• Information provided
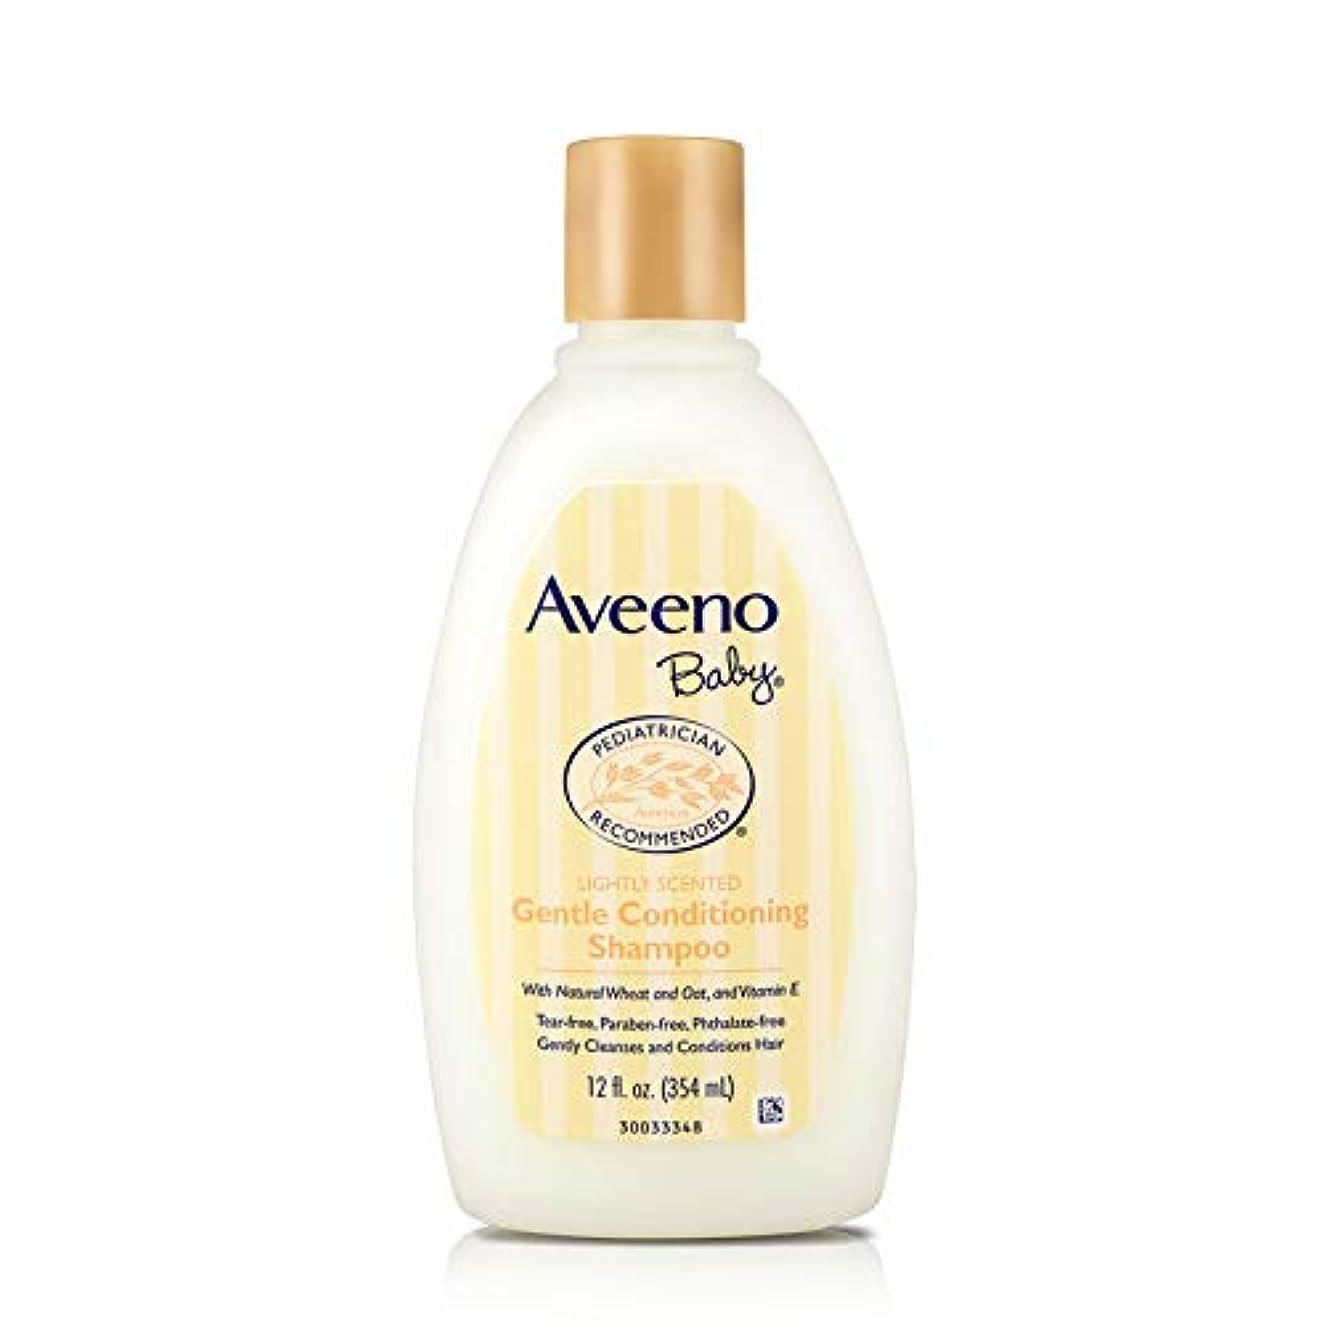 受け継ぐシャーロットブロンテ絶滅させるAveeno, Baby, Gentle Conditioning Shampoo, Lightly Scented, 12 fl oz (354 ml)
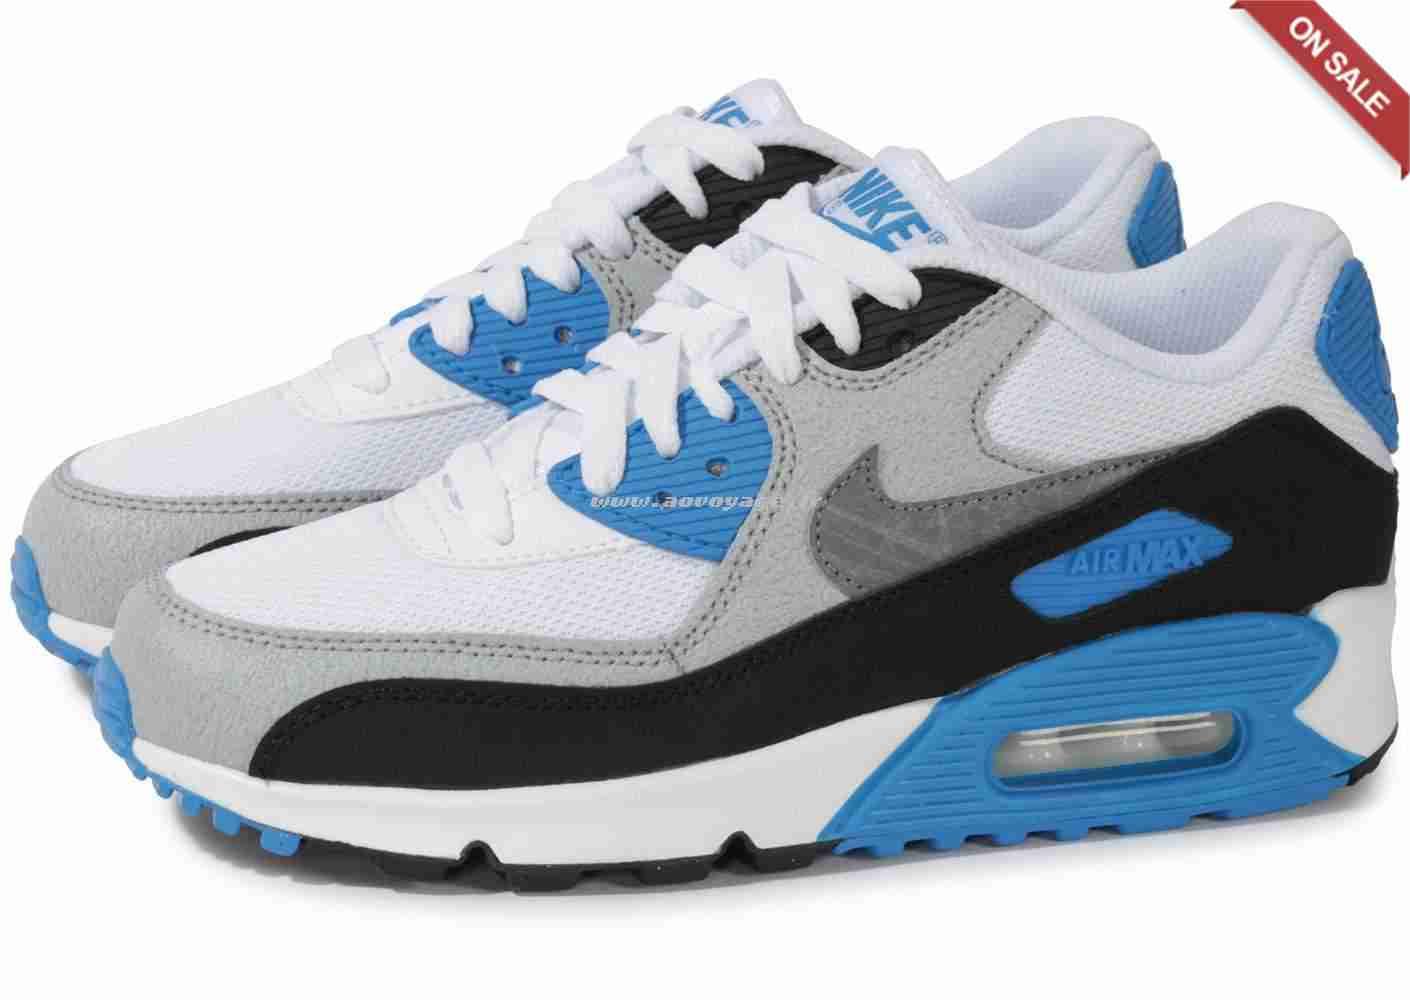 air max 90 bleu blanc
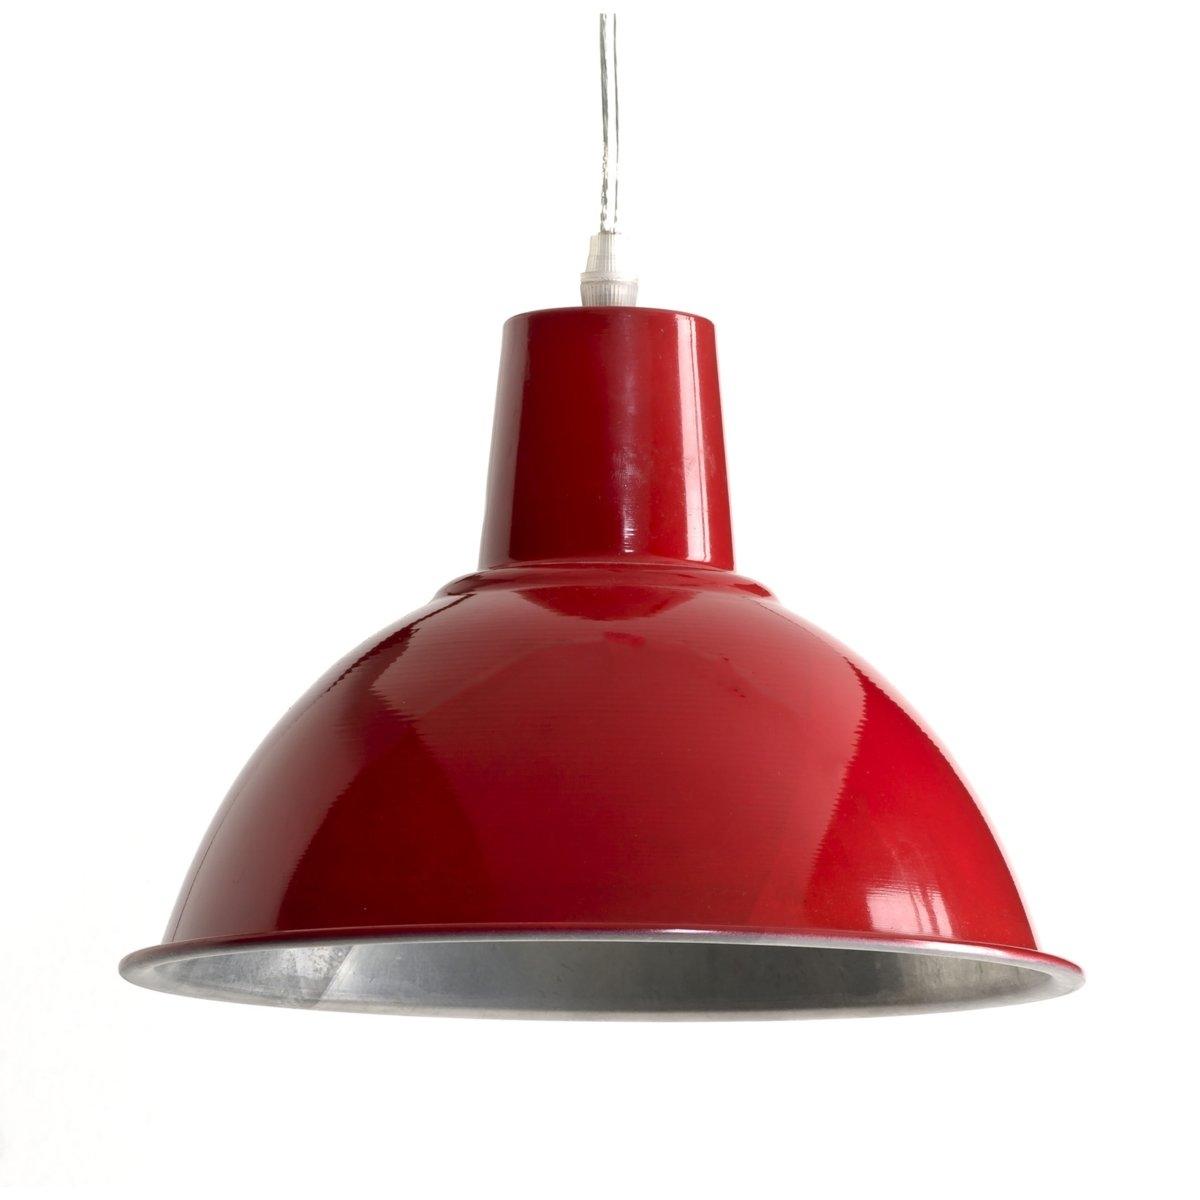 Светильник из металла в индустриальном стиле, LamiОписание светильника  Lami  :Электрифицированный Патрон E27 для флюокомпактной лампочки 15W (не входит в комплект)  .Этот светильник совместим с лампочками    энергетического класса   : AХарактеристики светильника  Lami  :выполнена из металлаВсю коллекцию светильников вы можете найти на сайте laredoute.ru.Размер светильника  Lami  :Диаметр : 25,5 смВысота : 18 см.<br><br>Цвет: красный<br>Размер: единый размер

• What is needed
Set down exactly, line for line, the data from the line that contains "air max 90 bleu blanc" through its last line, keeping pictures out.

• Answer for the task
 air max 90 bleu blanc
 Светильник из металла в индустриальном стиле, LamiОписание светильника  Lami  :Электрифицированный Патрон E27 для флюокомпактной лампочки 15W (не входит в комплект)  .Этот светильник совместим с лампочками    энергетического класса   : AХарактеристики светильника  Lami  :выполнена из металлаВсю коллекцию светильников вы можете найти на сайте laredoute.ru.Размер светильника  Lami  :Диаметр : 25,5 смВысота : 18 см.<br><br>Цвет: красный<br>Размер: единый размер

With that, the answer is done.